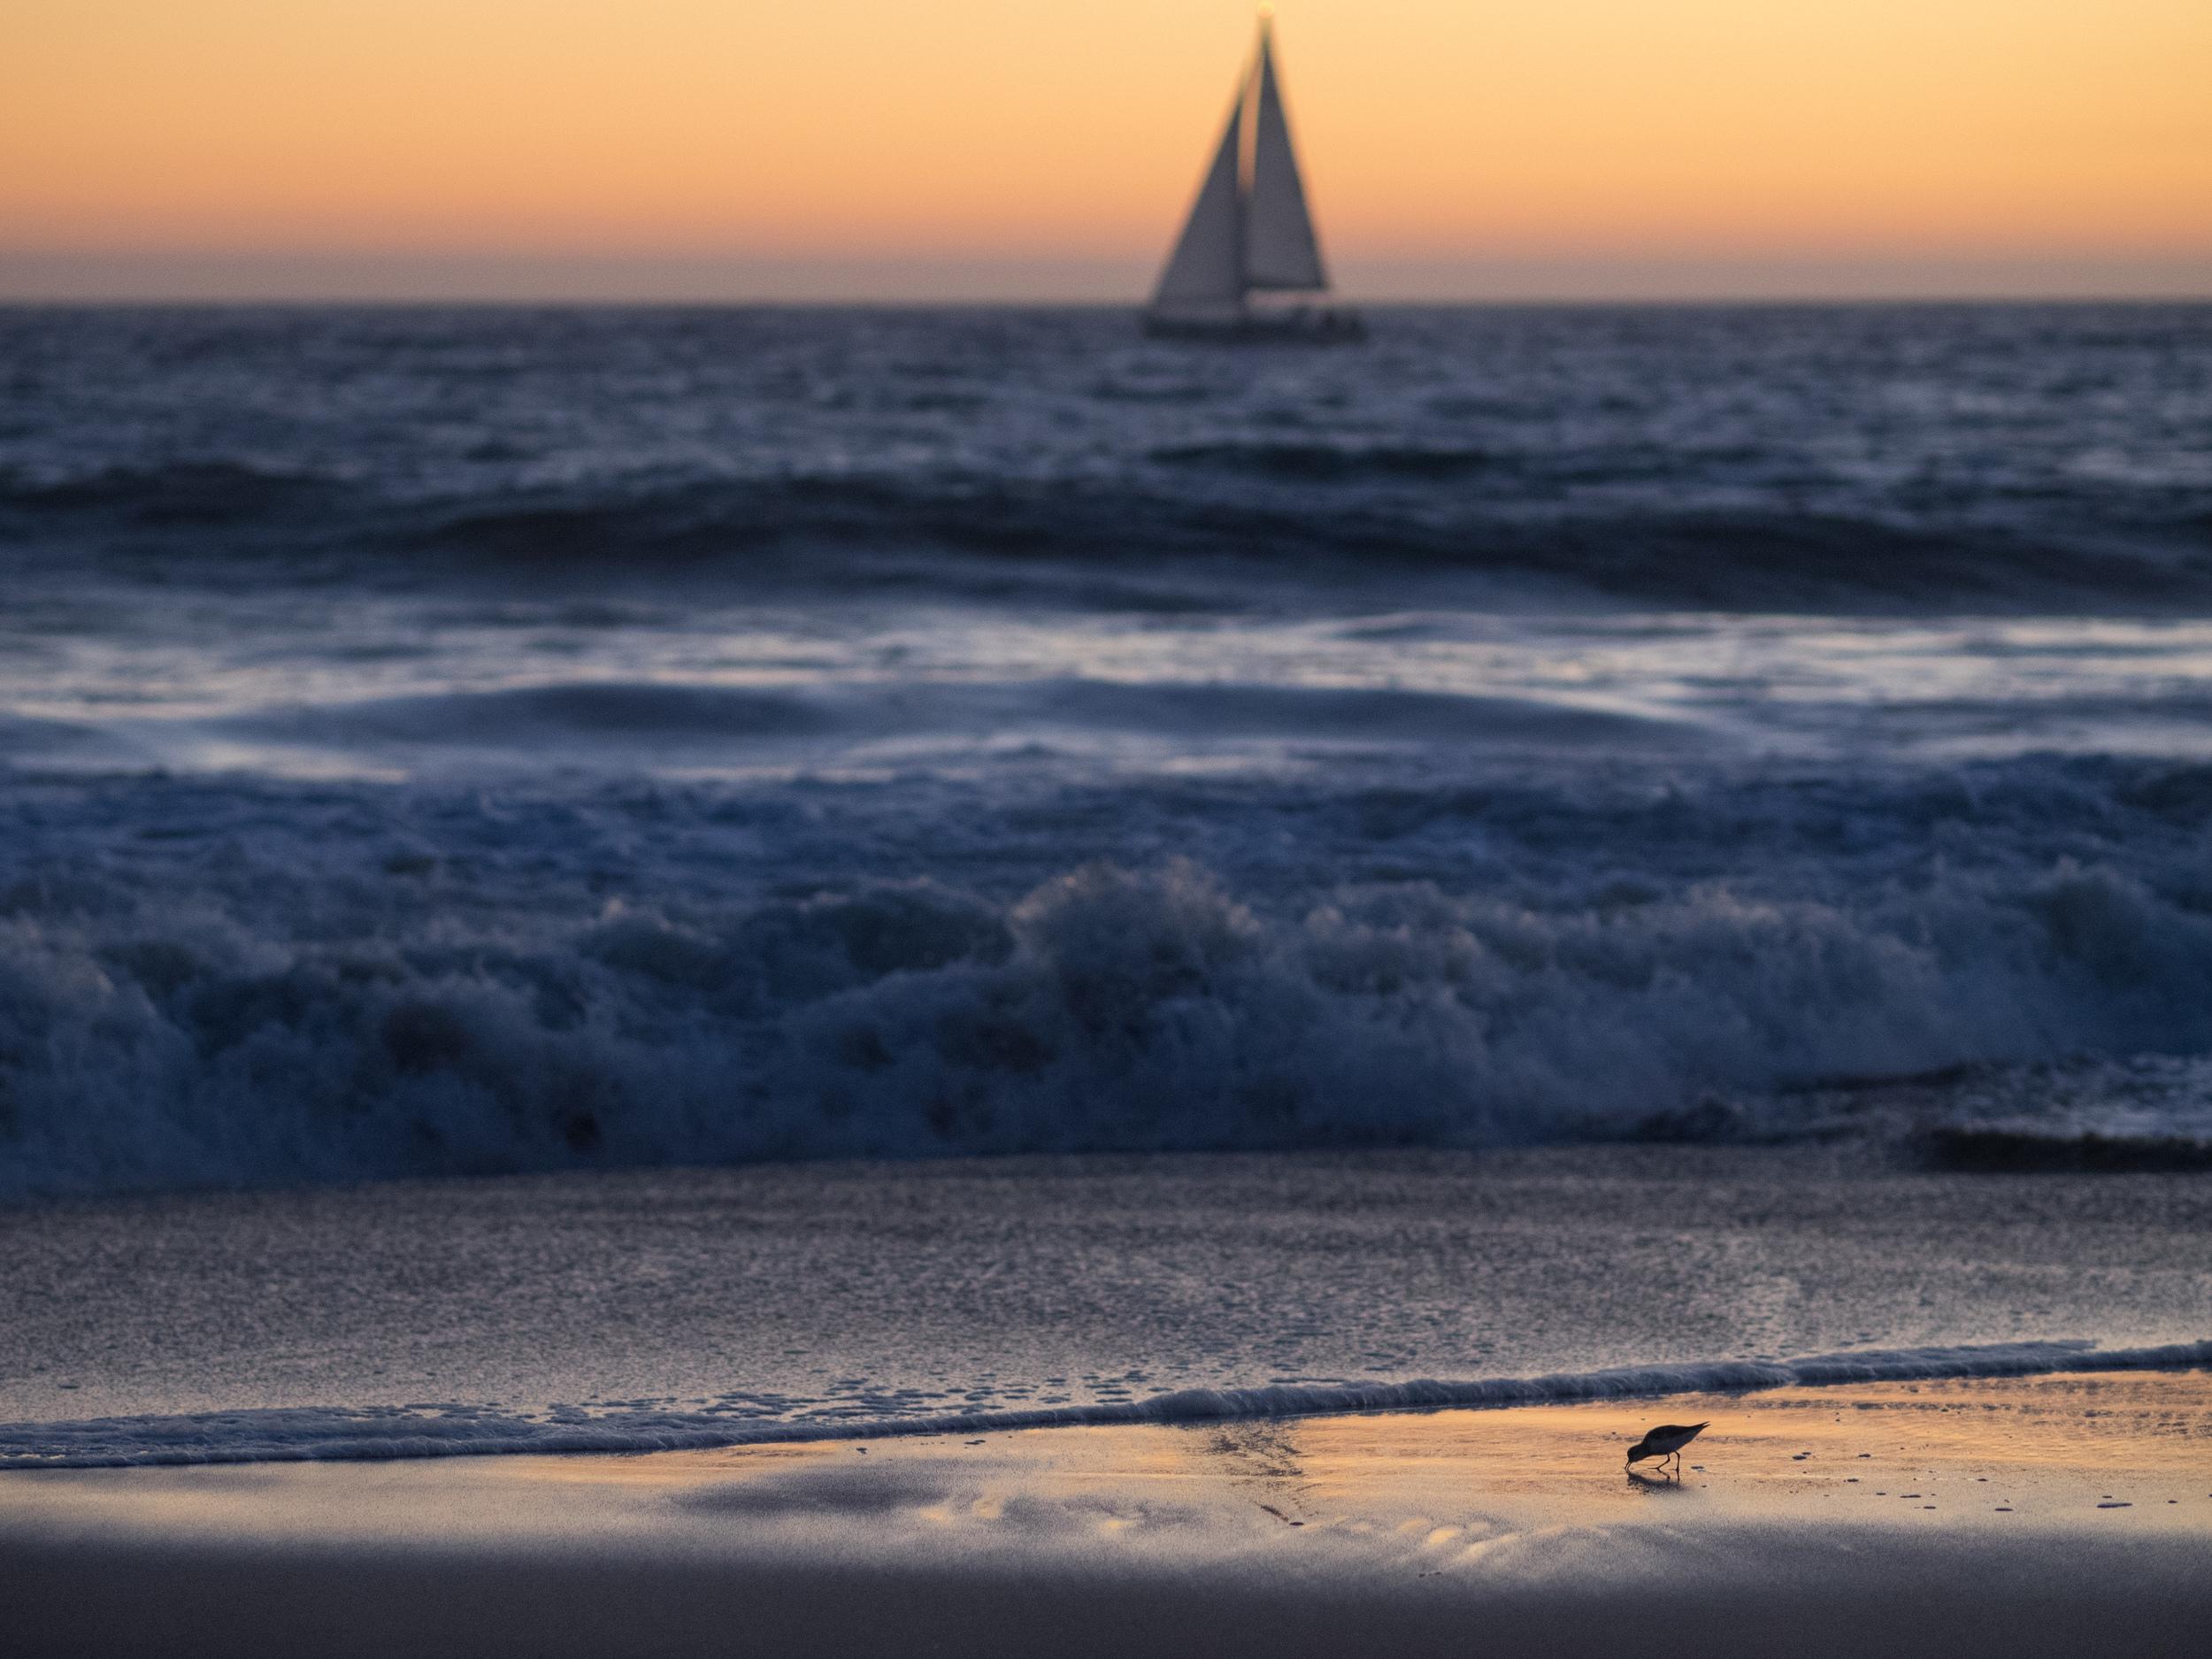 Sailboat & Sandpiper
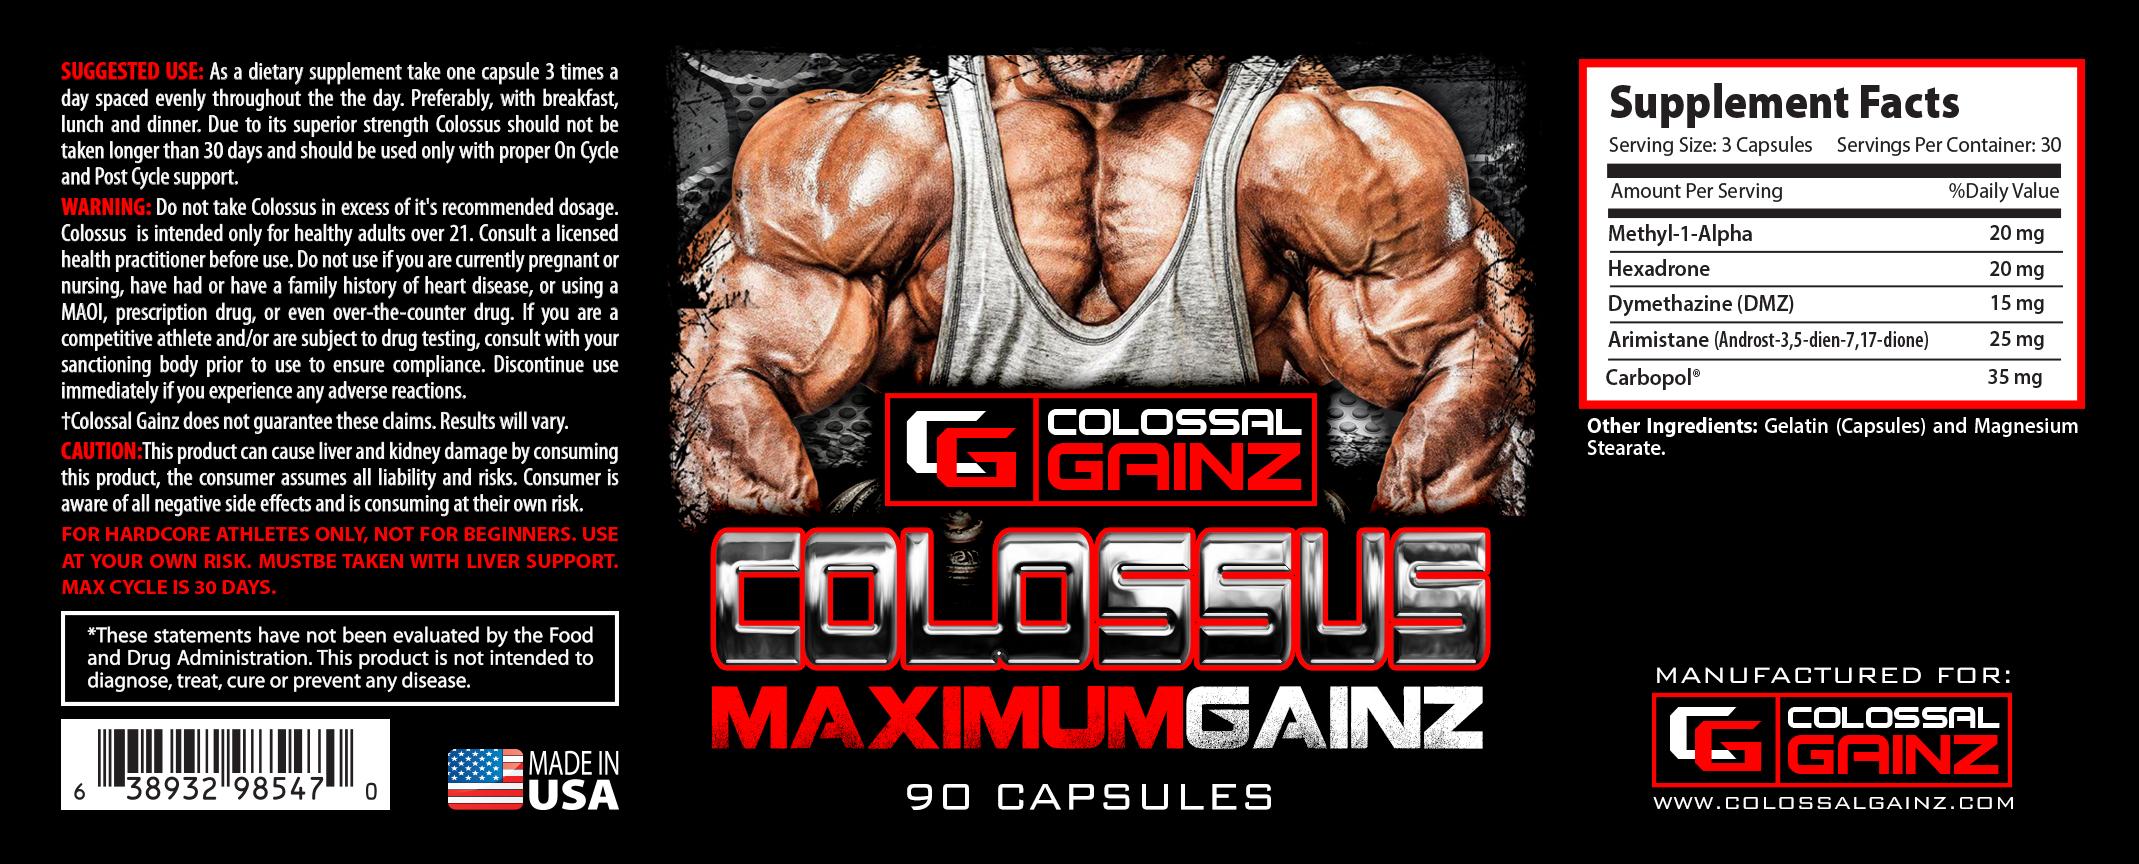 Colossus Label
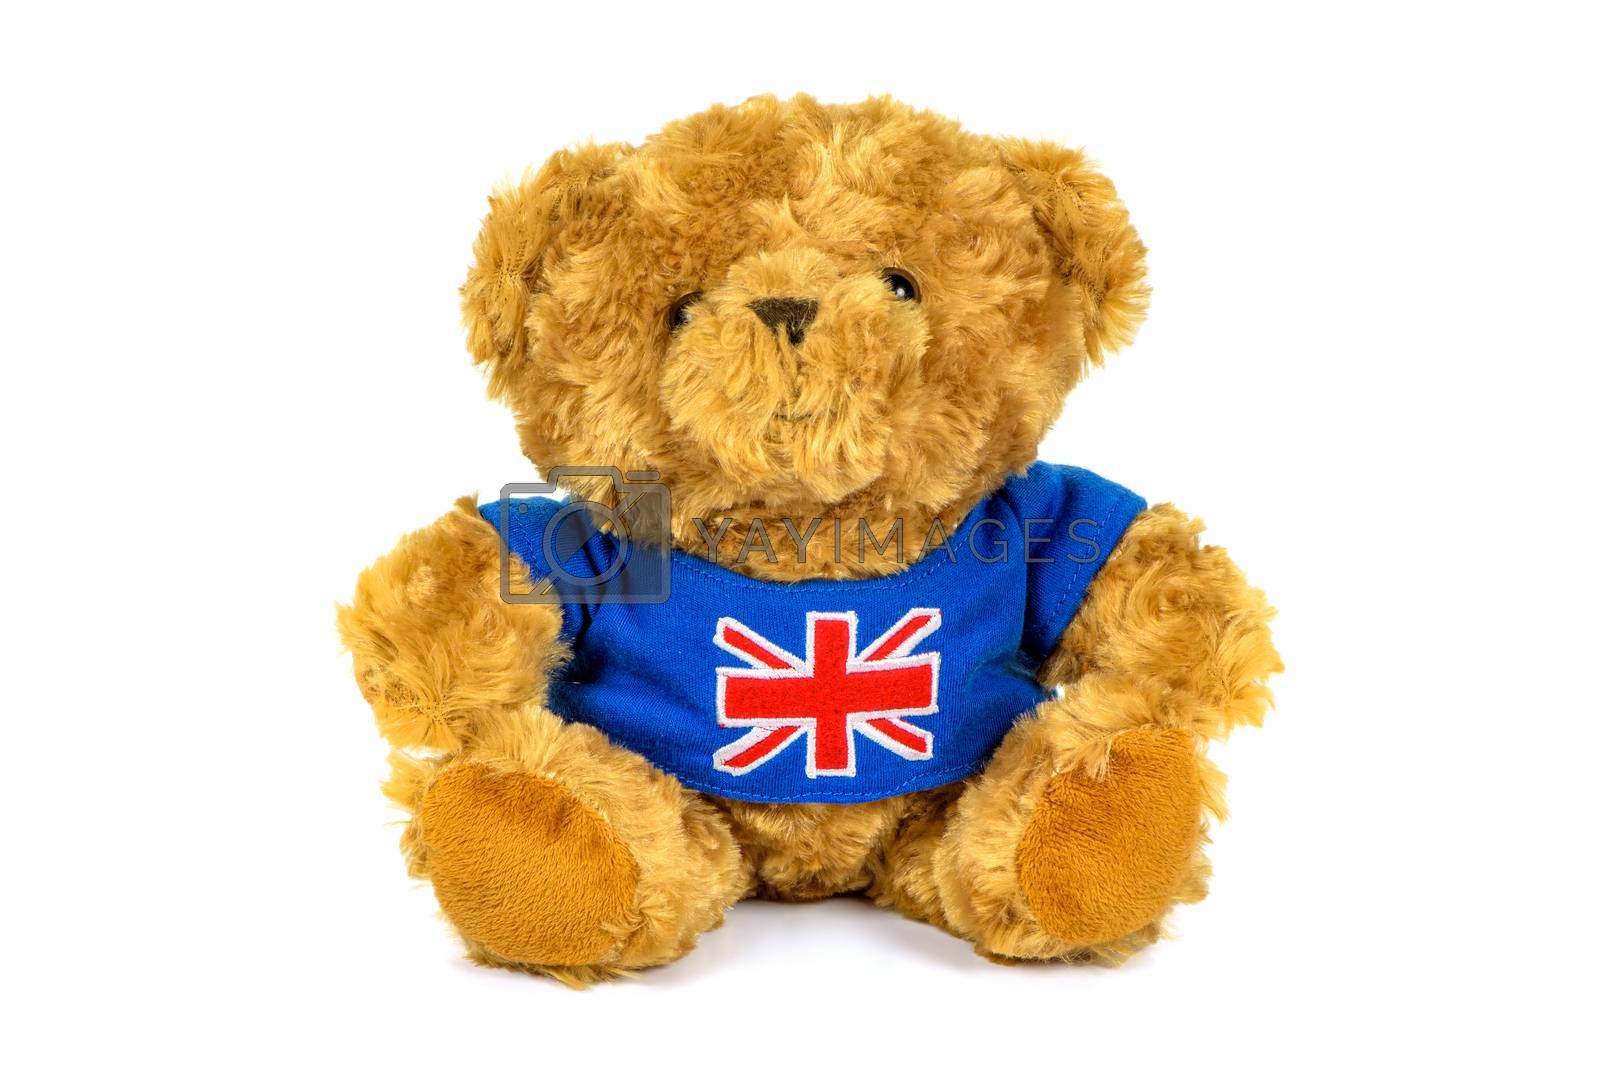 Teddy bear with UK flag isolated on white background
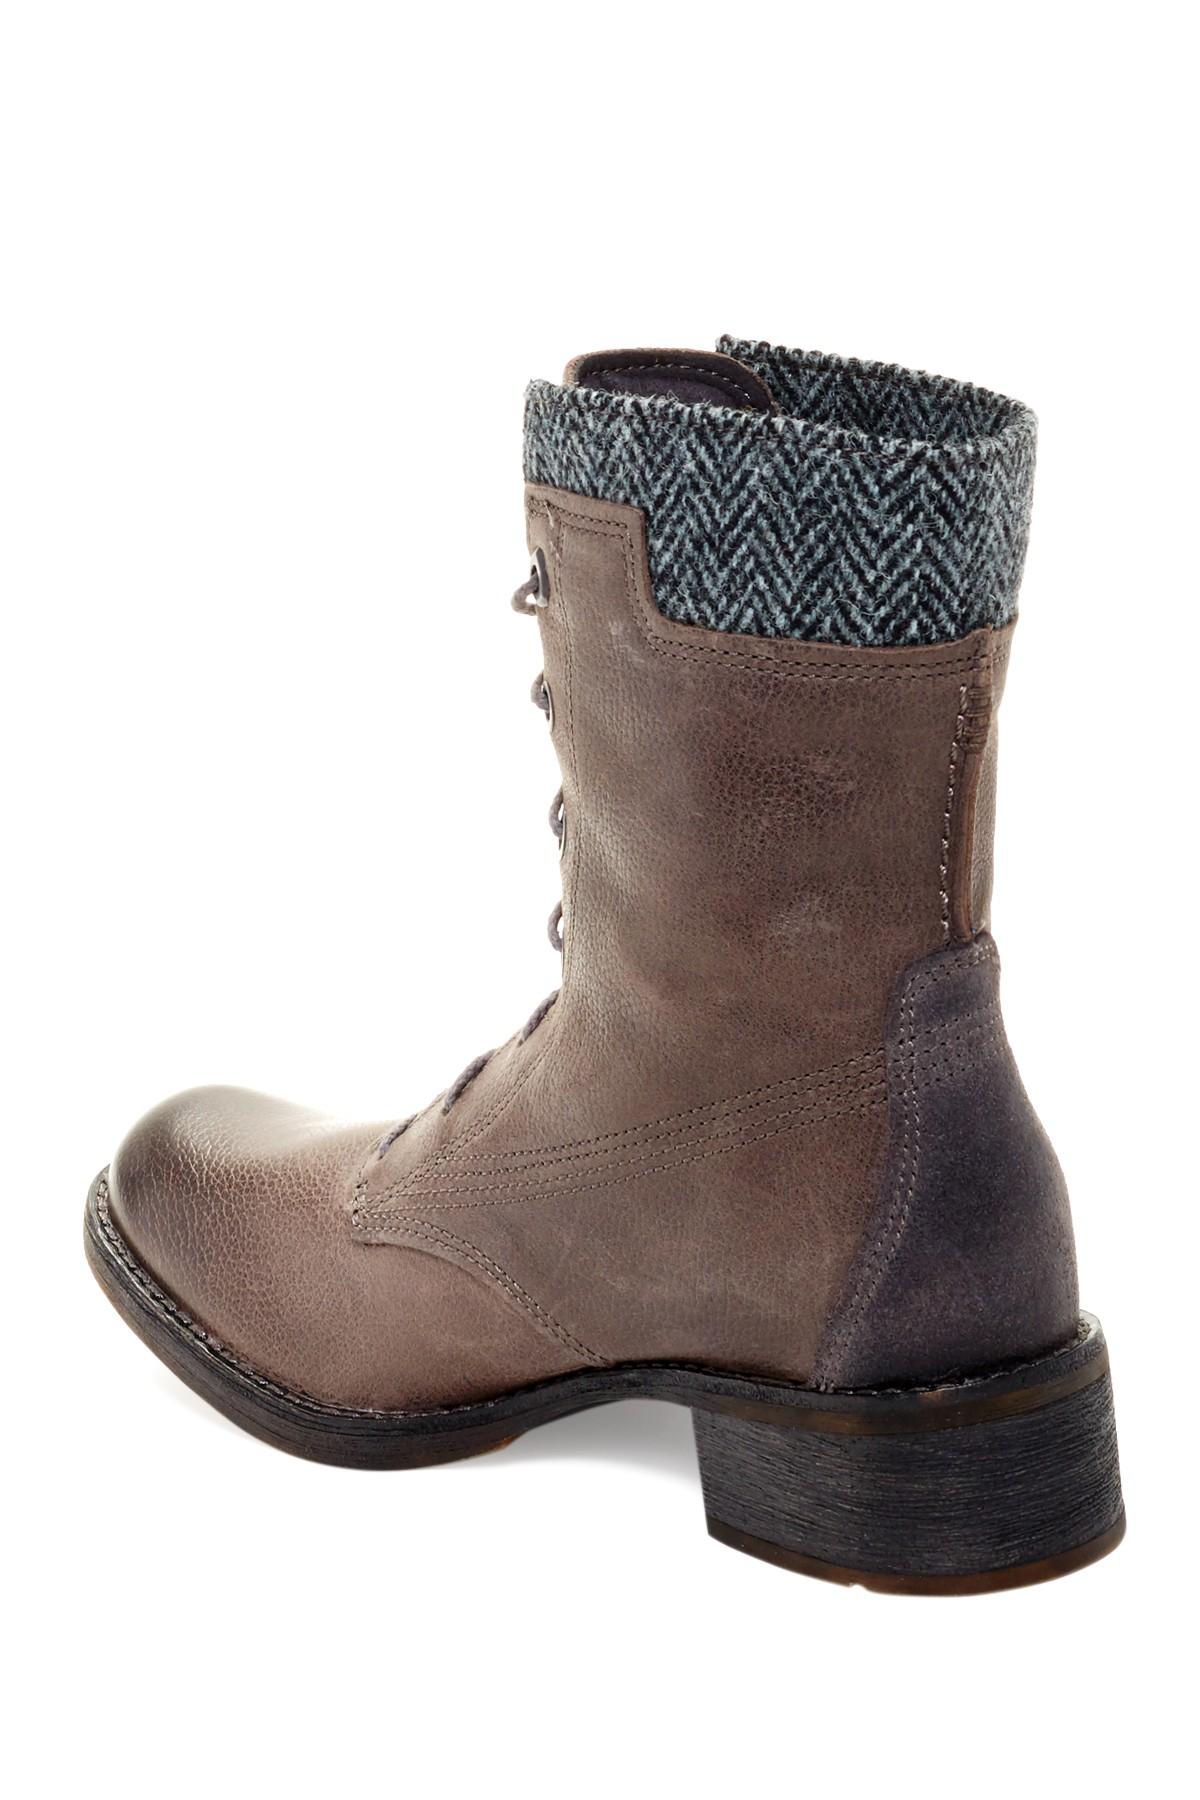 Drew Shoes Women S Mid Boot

→ **TASK STATEMENT**
Would you reproduce the lines from the one with "Teddy bear with" through the final line of the data above, exactly and only those, without any pictures?

→ **ANSWER SECTION**
 Teddy bear with UK flag isolated on white background
 Drew Shoes Women S Mid Boot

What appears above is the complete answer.